Perhaps “get rid” isn’t the right phrase. He takes pride in he’s able to get his players noticed. Once that happens, the goal is to get them into a four-year school, where they can get a degree, play basketball and go to college for as little money as possible.

He’s been just as good at getting his players an education as he has winning basketball games, and that’s why he got into coaching.

“My goal has always been, down there, anyone who played for me, and done their job in the classroom, we’ve put in a four-year school,” said Rome, who grew up in Rhawnhurst and resides in Sandyford Park. “The past eight seasons that I coached, every kid that did their job in the classroom played Division I, II or III. That’s the most rewarding thing. We had a kid go on to play professionally in the Dominican Republic. We’ve been fortunate to have great kids.

“I’m very honest with the guys. If someone offers you a full ride, that’s $40 or $50 thousand. It’s hard to say to stay and not go. Division III school, I’ll talk to them if they’re not getting a scholarship, we talk about it and see what’s best. Just about every kid who comes to CCP comes for free because most qualify for financial aid, and that usually covers their tuition. The goal is to get them to graduate college.”

Rome stays plenty busy helping kids at both Judge and CCP. He’s also a family man, and loves spending time with his wife Megan and his twins, son Dylan and daughter Madison, both juniors in high school.

Dylan plays basketball and football at Judge. Madison is the manager of the St. Hubert basketball team, and was involved in dance growing up.

Family time is at a premium during basketball season.

“They don’t see me much during the winter, I joke that I’m never around,” said Rome, who also bartends at Macaroni’s Restaurant in Bustleton. “I’m very lucky, they’re very understanding.”

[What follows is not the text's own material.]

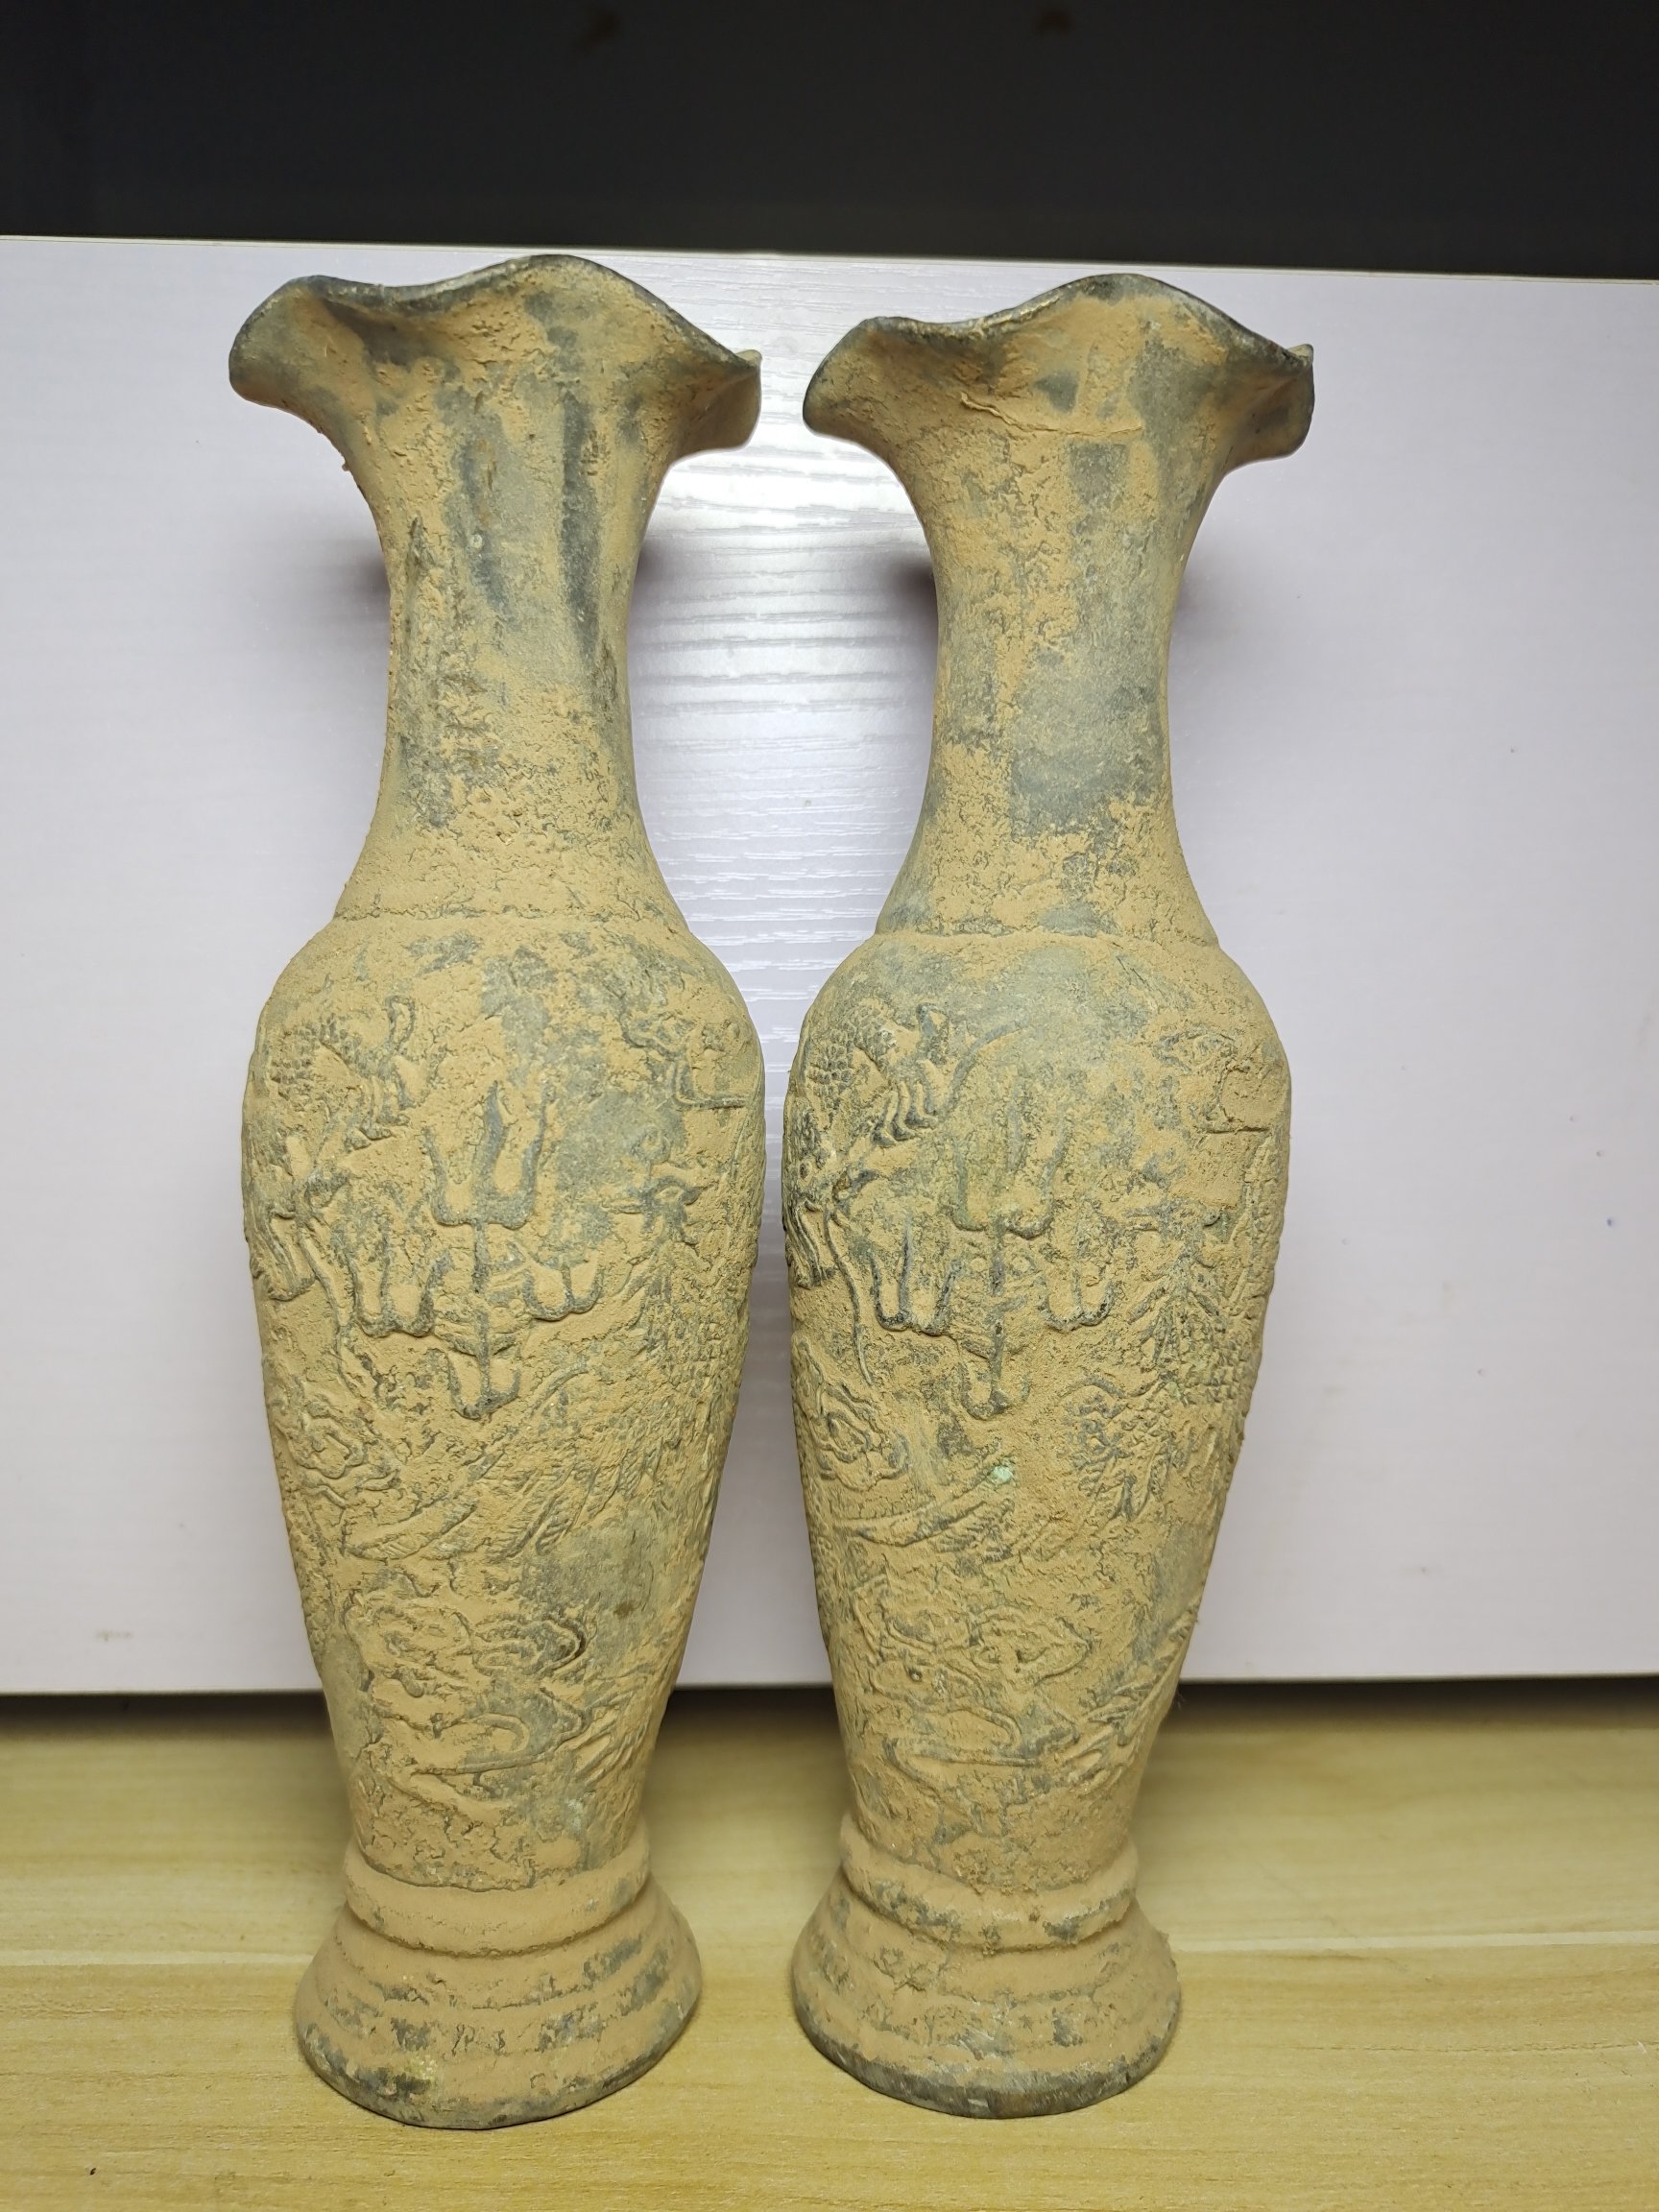 古玩古董收藏品出土清代龙凤花瓶铜花瓶一对青铜器摆件老物件

And he also has the perfect home at Judge.

After playing backup quarterback during his high school days, he also served as an assistant coach to his former teammate Tom Coyle when he was the Crusaders coach. Now he loves being there as a teacher.

“I was a Judge kid, so it’s the same as when I was there,” Rome said. “You get to work for good people, great teachers there. I’m from the neighborhood, I live right up the street from Lincoln High School. Brian (King, president) does a good job there, it’s a great place to work at and a great place to go to school.”